— TASK INPUT —

++++++++

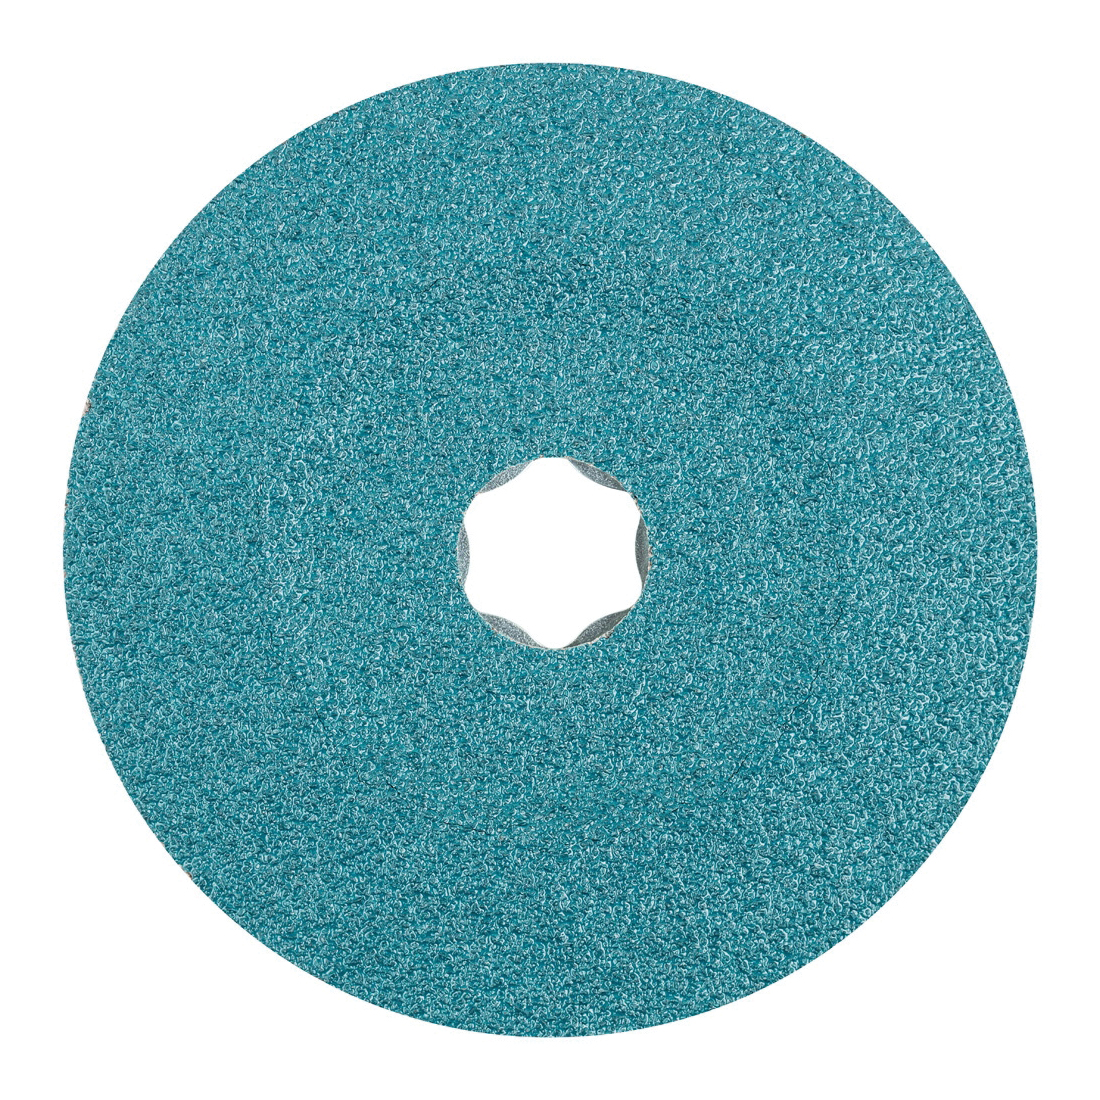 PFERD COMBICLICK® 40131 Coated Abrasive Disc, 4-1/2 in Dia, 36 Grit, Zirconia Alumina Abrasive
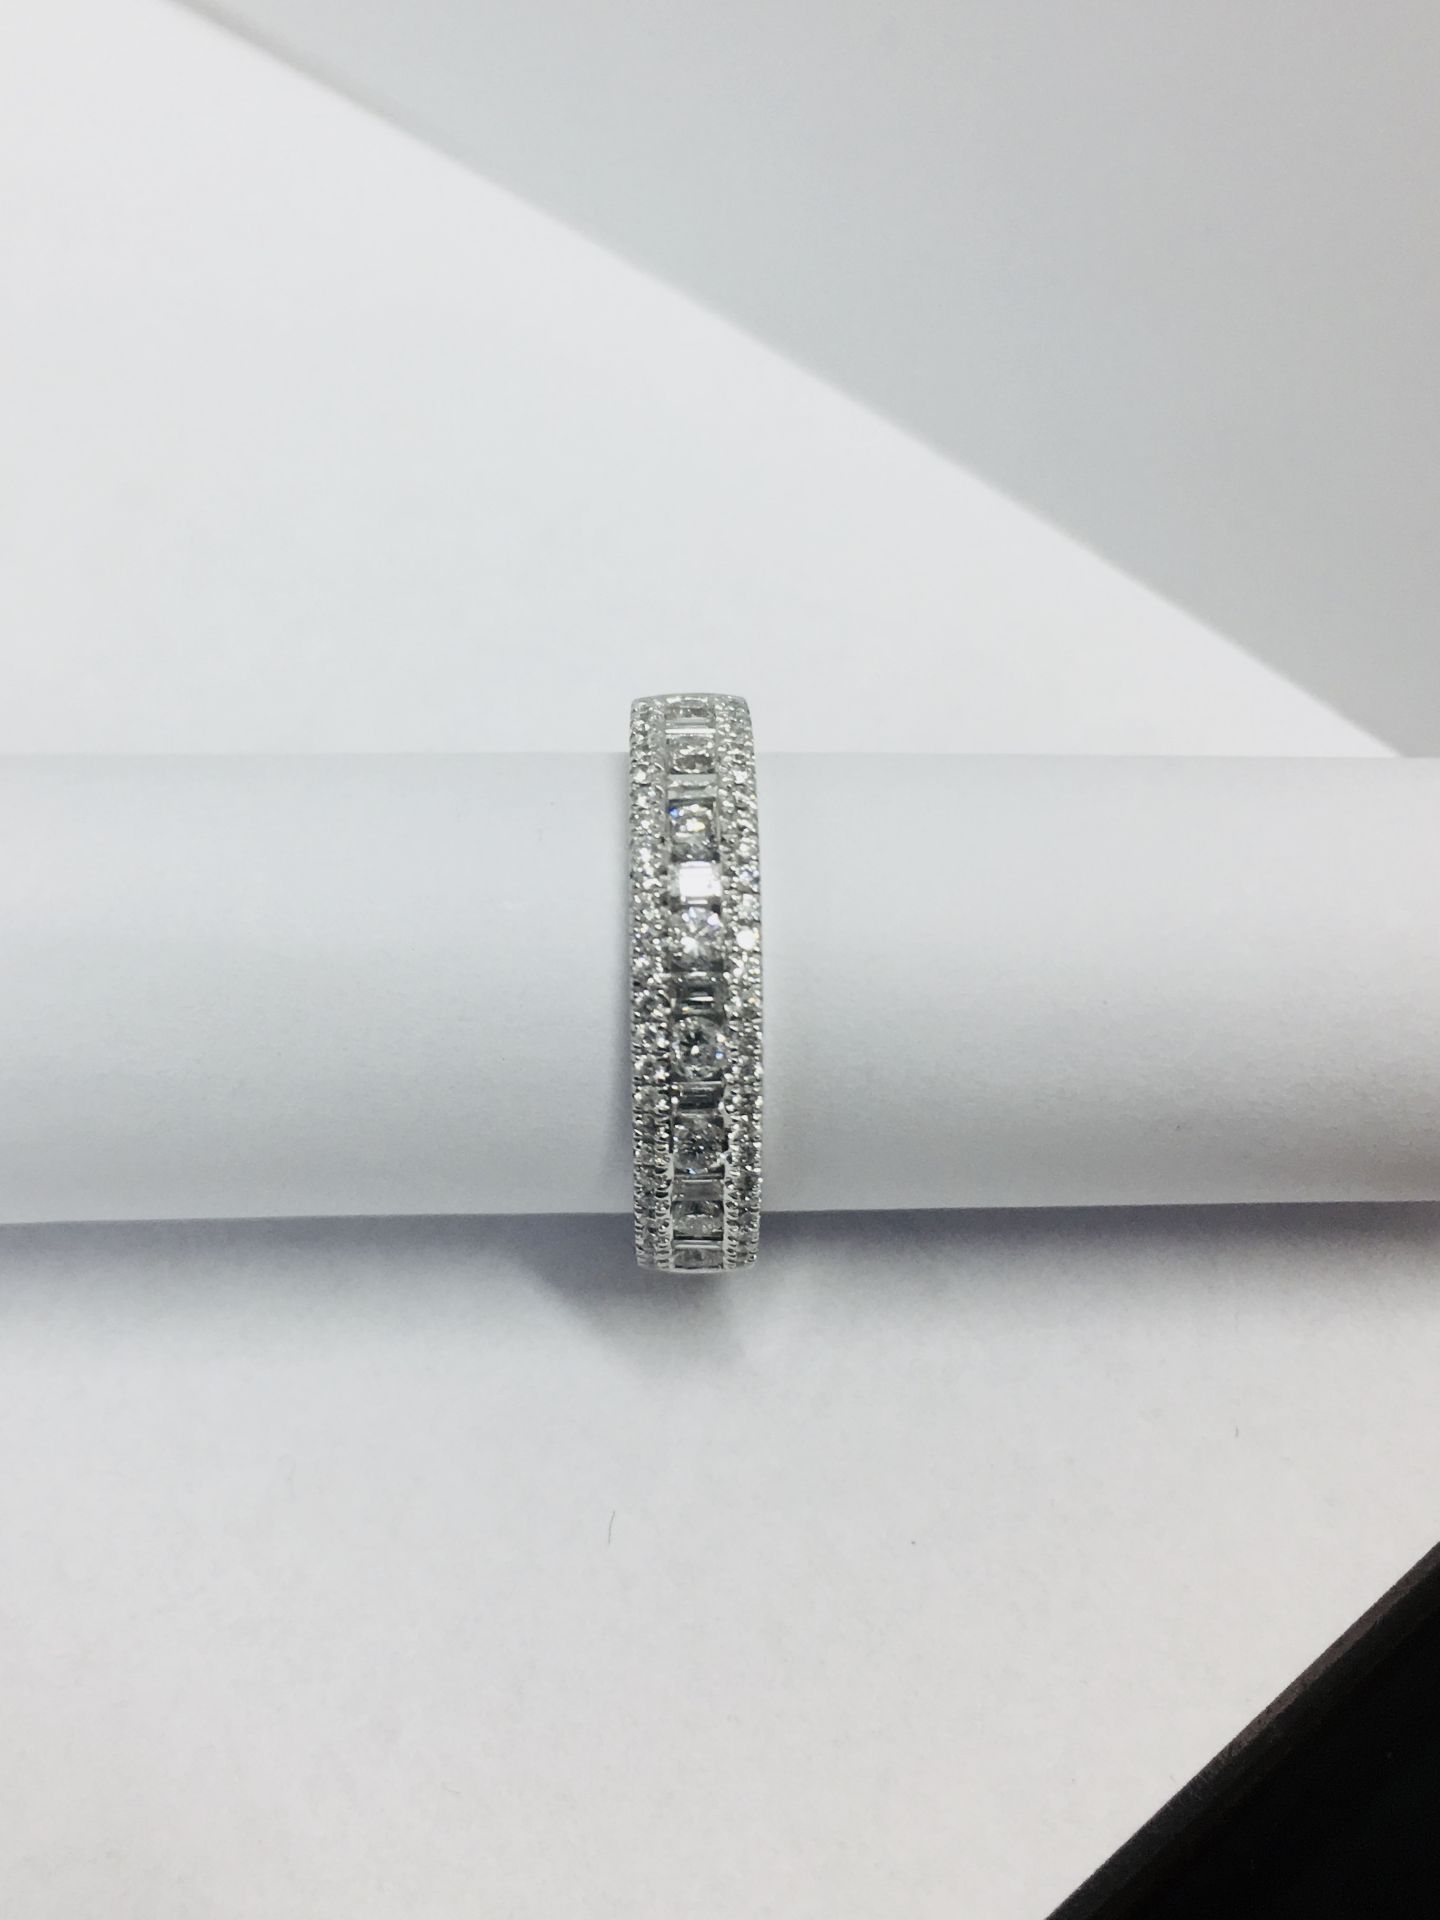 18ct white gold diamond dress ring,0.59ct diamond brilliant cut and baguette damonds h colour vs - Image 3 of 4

++++++++

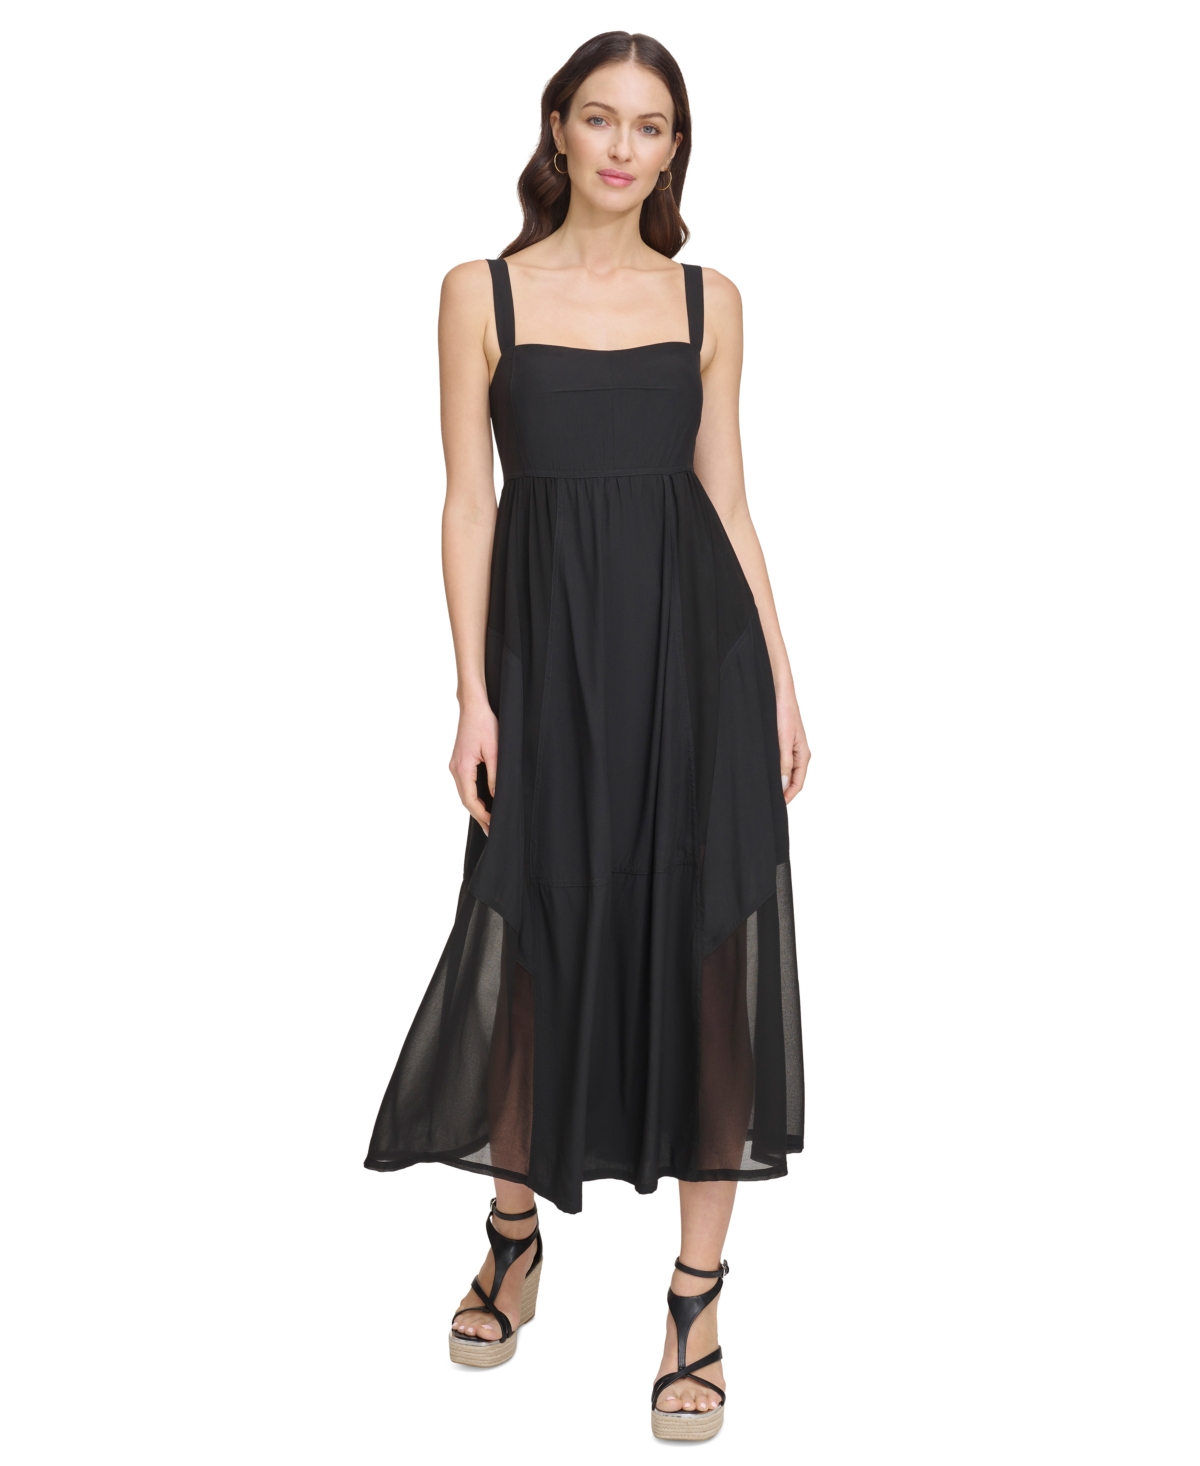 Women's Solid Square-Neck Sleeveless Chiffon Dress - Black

++++++++

— WHAT NEEDS TO BE DONE —
Transcribe only this stretch of the data: the line with "PFERD COMBICLICK® 40131", the line with "18ct white gold", and every line in between. Leave out the pictures.

— ANSWER SPACE —
 PFERD COMBICLICK® 40131 Coated Abrasive Disc, 4-1/2 in Dia, 36 Grit, Zirconia Alumina Abrasive
 18ct white gold diamond dress ring,0.59ct diamond brilliant cut and baguette damonds h colour vs - Image 3 of 4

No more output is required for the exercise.